Kayany Gomes, 9, quer ser cantora quando crescer e, agora, pode aprender mais sobre a profissão nas aulas de canto da ONG Instituto Baccarelli, localizada em Heliópolis, zona sul de São Paulo.

Heliópolis é formada por uma favela principal e por comunidades menores vizinhas. Juntas, as comunidades formam o segundo maior conjunto de favelas de São Paulo, com mais de 60 mil habitantes.

A menina não conseguia frequentar as aulas antes, que são gratuitas, por não ter como ir até o local. A distância de sua casa até a ONG é de 3,2 km, por isso ela precisaria usar o transporte público, o que a mãe, Maria Aparecida da Conceição, não tem condições de pagar.

“Devido à distância, se eu começasse a levar ela, eu teria que pagar a condução não só para mim, mas também para ela, né? Como ela já tem nove anos, seriam duas conduções a mais, e eu não teria condições”, conta a mãe.

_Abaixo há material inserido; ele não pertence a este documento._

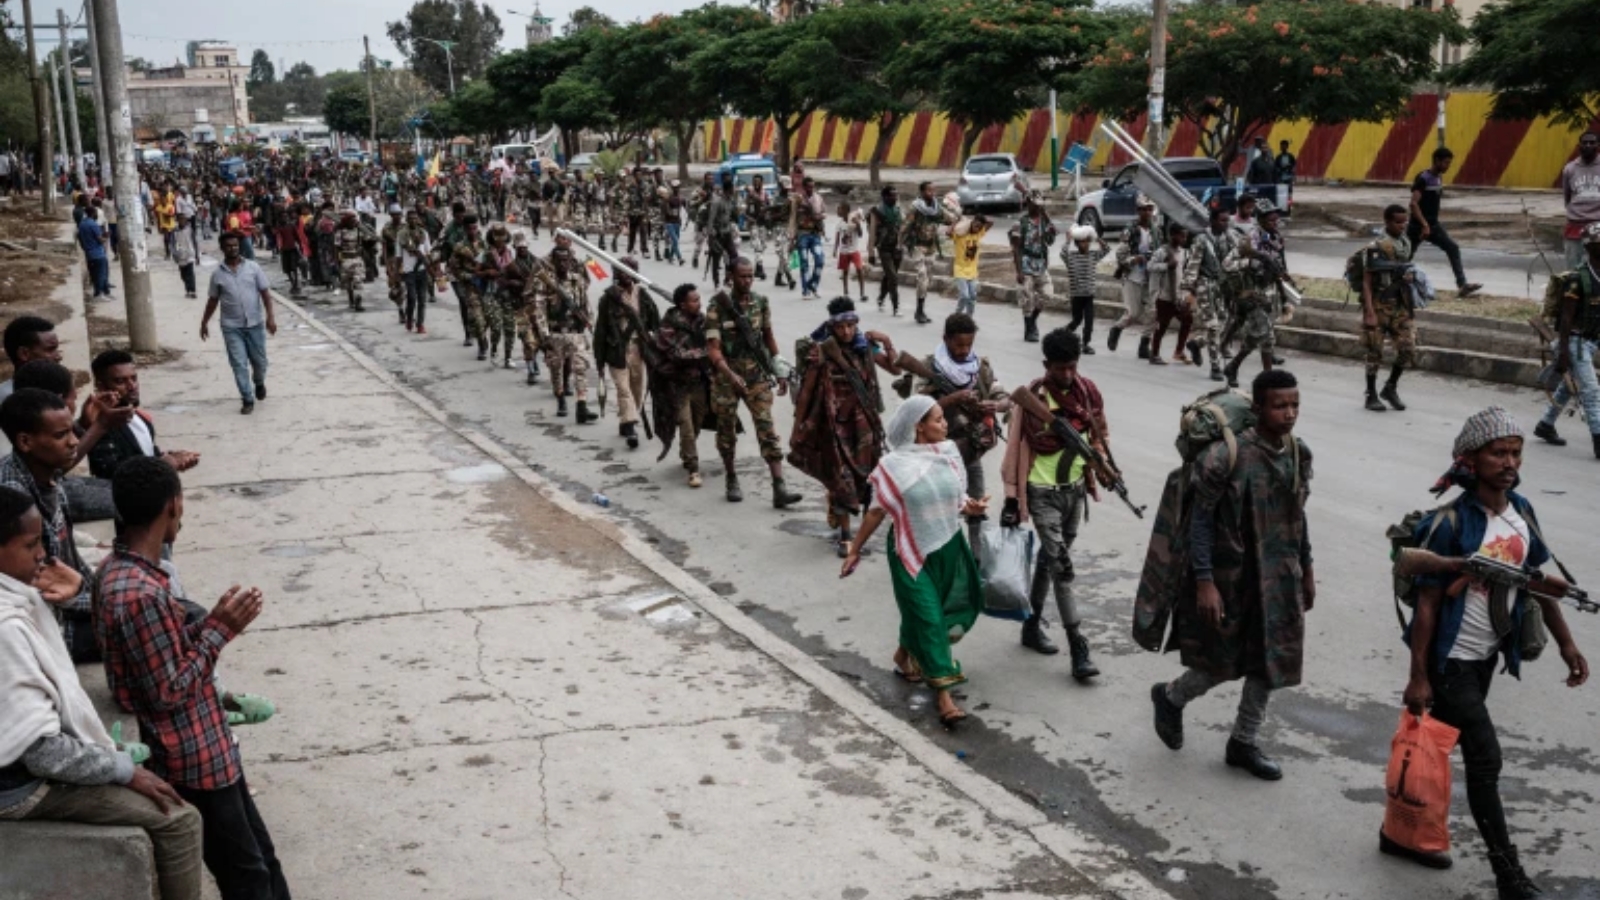 حوالى 150 ألف لاجئ إريتري هاربين من الفقر والحكومة الاستبدادية استضافتهم إثيوبيا، قبل صراع تيغراي بين متمردي جبهة التحرير الشعبية لتحرير تيغراي، والقوات الحكومية والحلفاء الإريتريين. 
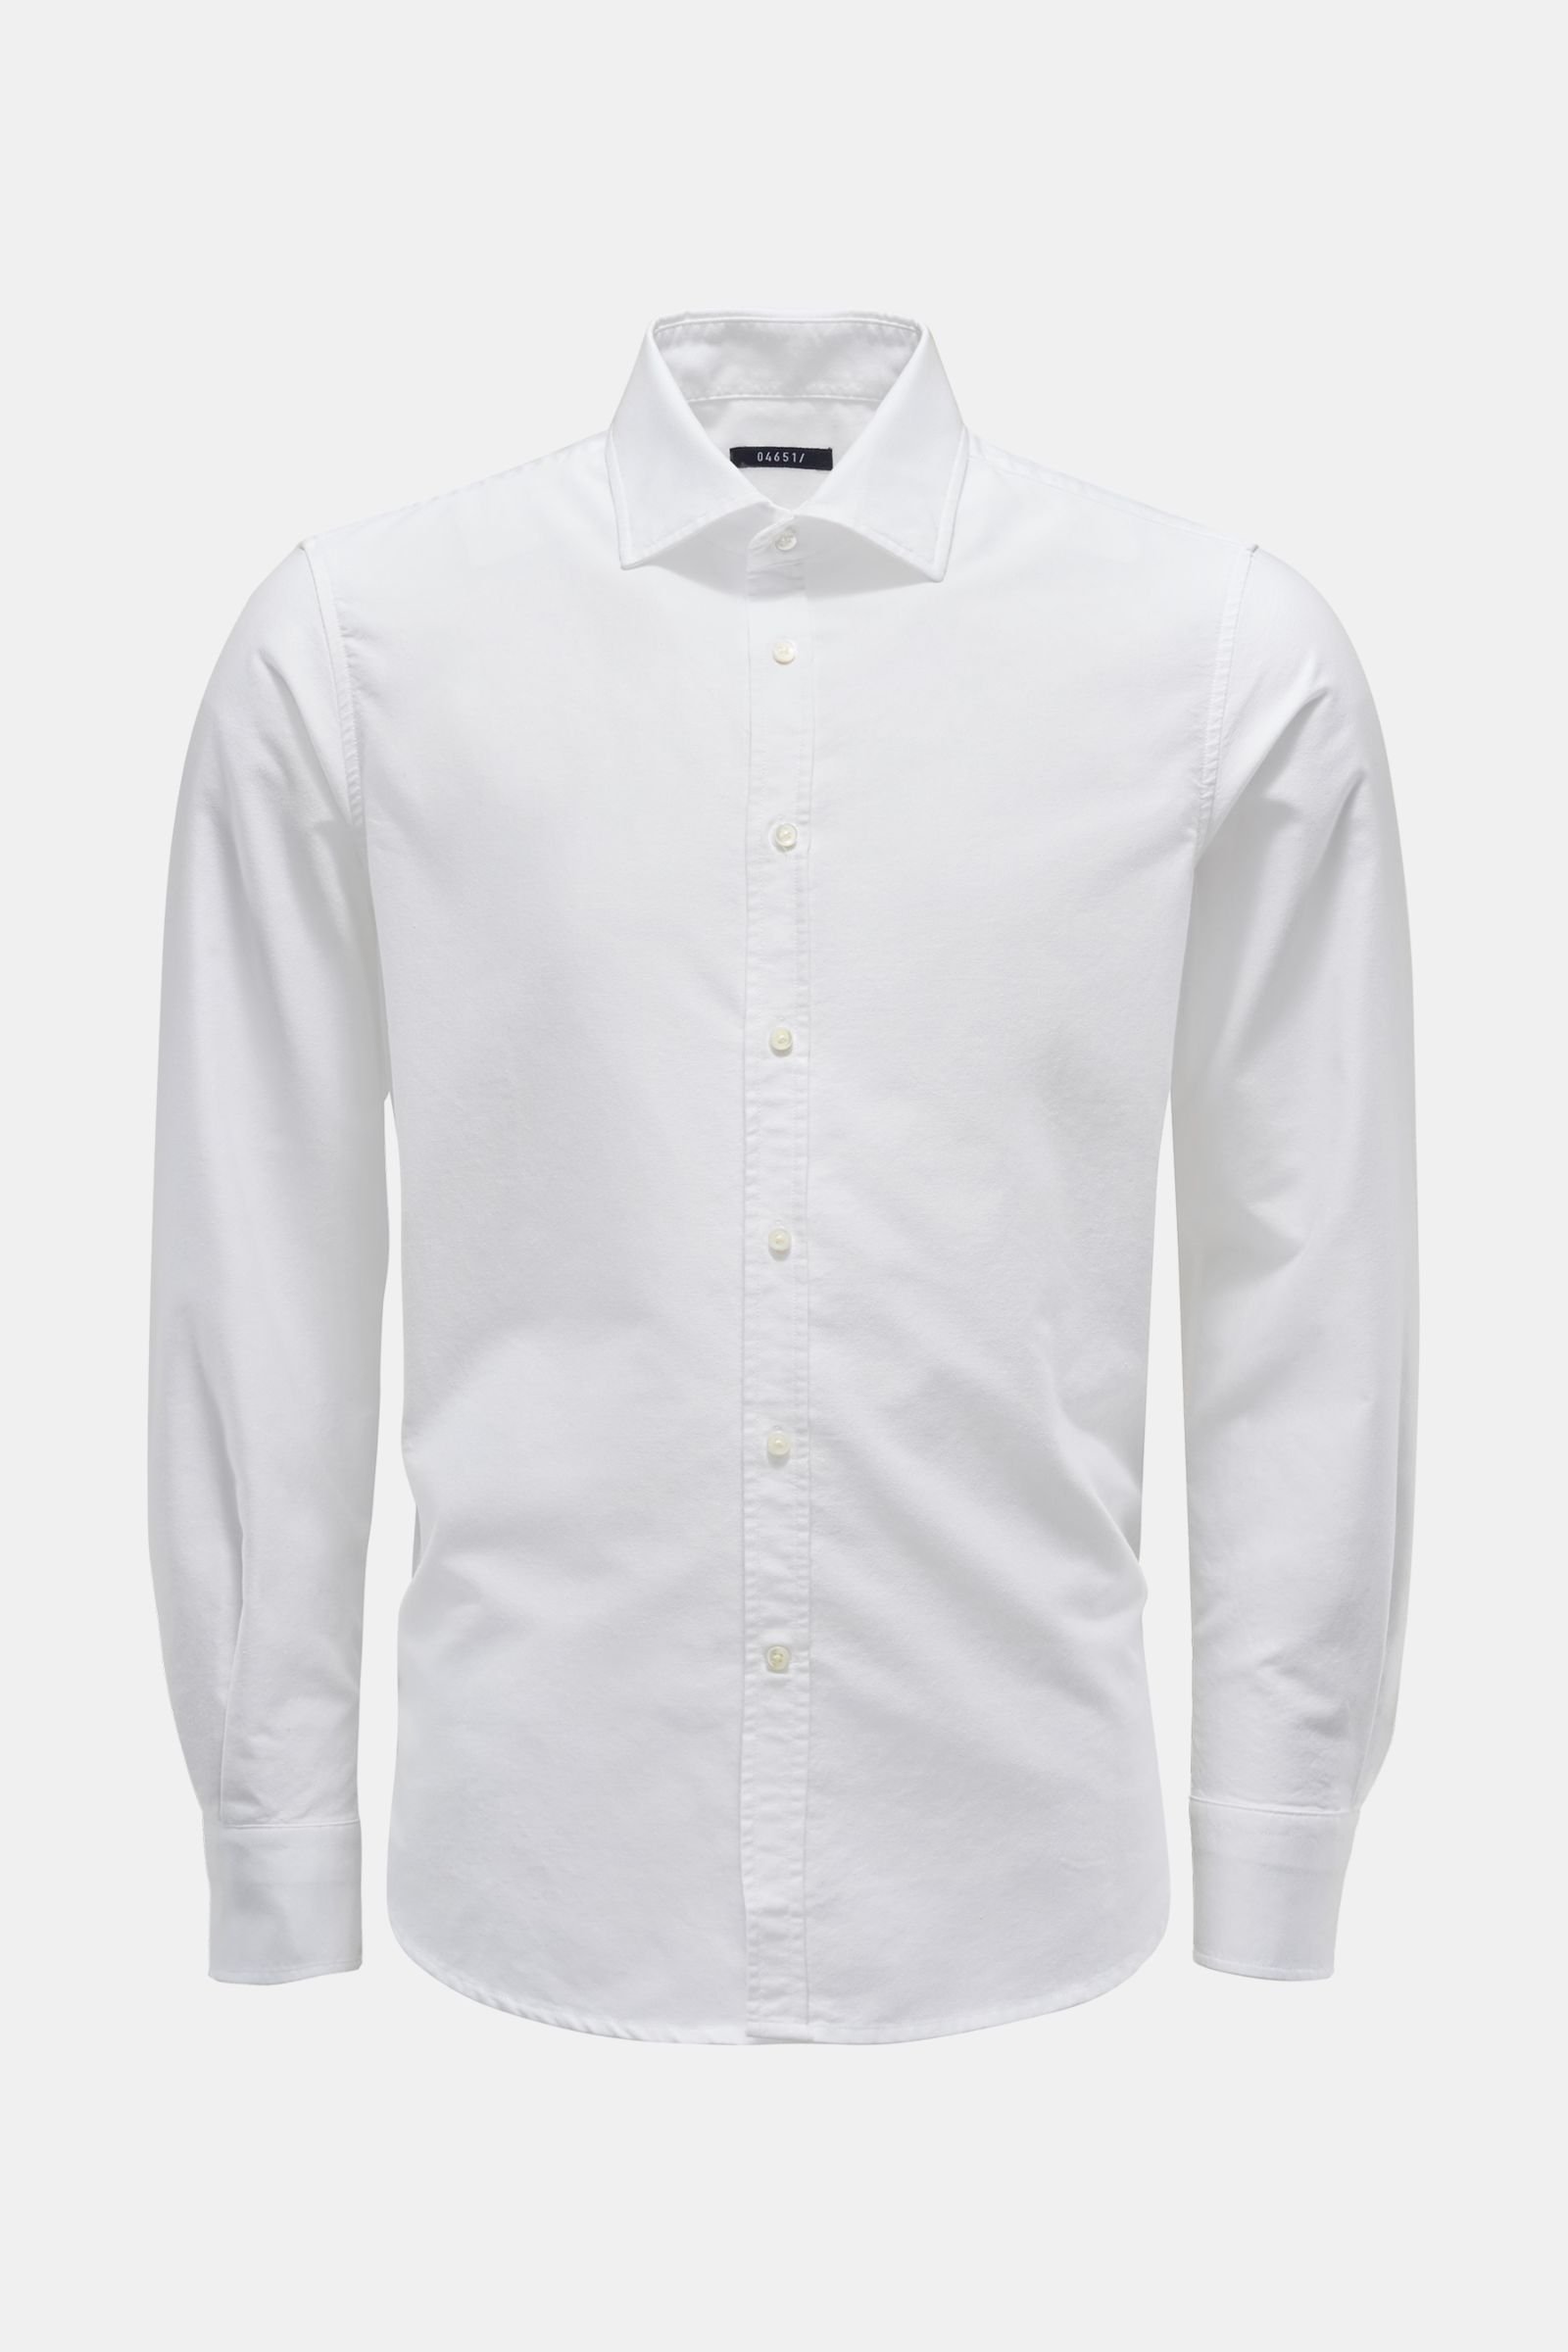 Oxford shirt 'Oxford Shirt' shark collar white

Em 2013, o contrato com a Secretaria Municipal de Educação de São Paulo liberou para o Instituto Baccarelli 1.300 vagas para os programas de musicalização infantil e coral, com foco em crianças de 4 a 14 anos da rede municipal de ensino. Mas muitos desses alunos não tinham como ir à ONG.

  Até a chegada do “Buscarelli”, como foi apelidado o ônibus do instituto.

Em setembro, antes do lançamento do “Buscarelli”, apenas 870 das vagas estavam preenchidas (430 permaneciam em aberto). Em menos de dois meses após o lançamento do ônibus, os inscritos subiram para 1.009. Agora, restam apenas 291 vagas.

Há uma semana, o ônibus passou a atender crianças de todas as idades – no início, a idade limite era de 10 anos. A expectativa é que a procura aumente ainda mais e que as crianças e adolescentes acima de 10 anos que haviam preenchido as fichas, mas aguardavam a liberação do transporte, estejam matriculadas até o início do ano que vem.

Caminhada de 30 minutos

O filho mais velho de Conceição, Kelvin Gomes (14), utiliza o passe escolar para cursar o colegial na Escola Técnica Estadual de Heliópolis, que fica a 3,6 km de distância da casa da família.

Mesmo assim, às vezes, a renda da operadora de máquina não é suficiente para o mês inteiro e Kelvin tem de encarar cerca de 30 minutos de caminhada até a escola. “Força mais as minhas pernas, aí eu fico meio cansado. Às vezes eu fico com dor”, diz o menino.

Kelvin não se inscreveu para tentar uma vaga no curso técnico de informática, também oferecido pela sua atual escola, já que as aulas seriam em período integral, impossível para ele, já que leva Kayany à escola, ou no período noturno, o que significariam mais duas conduções.

“Acaba perdendo grandes oportunidades porque não tem como se locomover”, lamenta Conceição.

Transporte escolar

Segundo a Constituição, o Estado deve garantir o acesso ao transporte escolar em todas as etapas da educação básica.

A Prefeitura de São Paulo e a Secretaria de Educação do Estado de São Paulo informaram que a legislação estabelece que possam ser atendidos no Programa de Transporte Gratuito Escolar (TEG) alunos de até 12 anos de idade, que, na impossibilidade de atendimento próximo à residência, residam a mais de 2 km da unidade escolar de matrícula. O aluno com idade a partir de 12 anos será atendido por meio de passe escolar.

Também são atendidos os alunos com deficiência ou necessidades especiais e os que possuam problemas crônicos de saúde, independentemente da idade.

Já a assessoria do Centro Paula Souza informou que não há transporte para os alunos de suas Escolas Técnicas Estaduais (Etecs) e Faculdades de Tecnologia do Estado (Fatecs), apenas o direito ao passe escolar.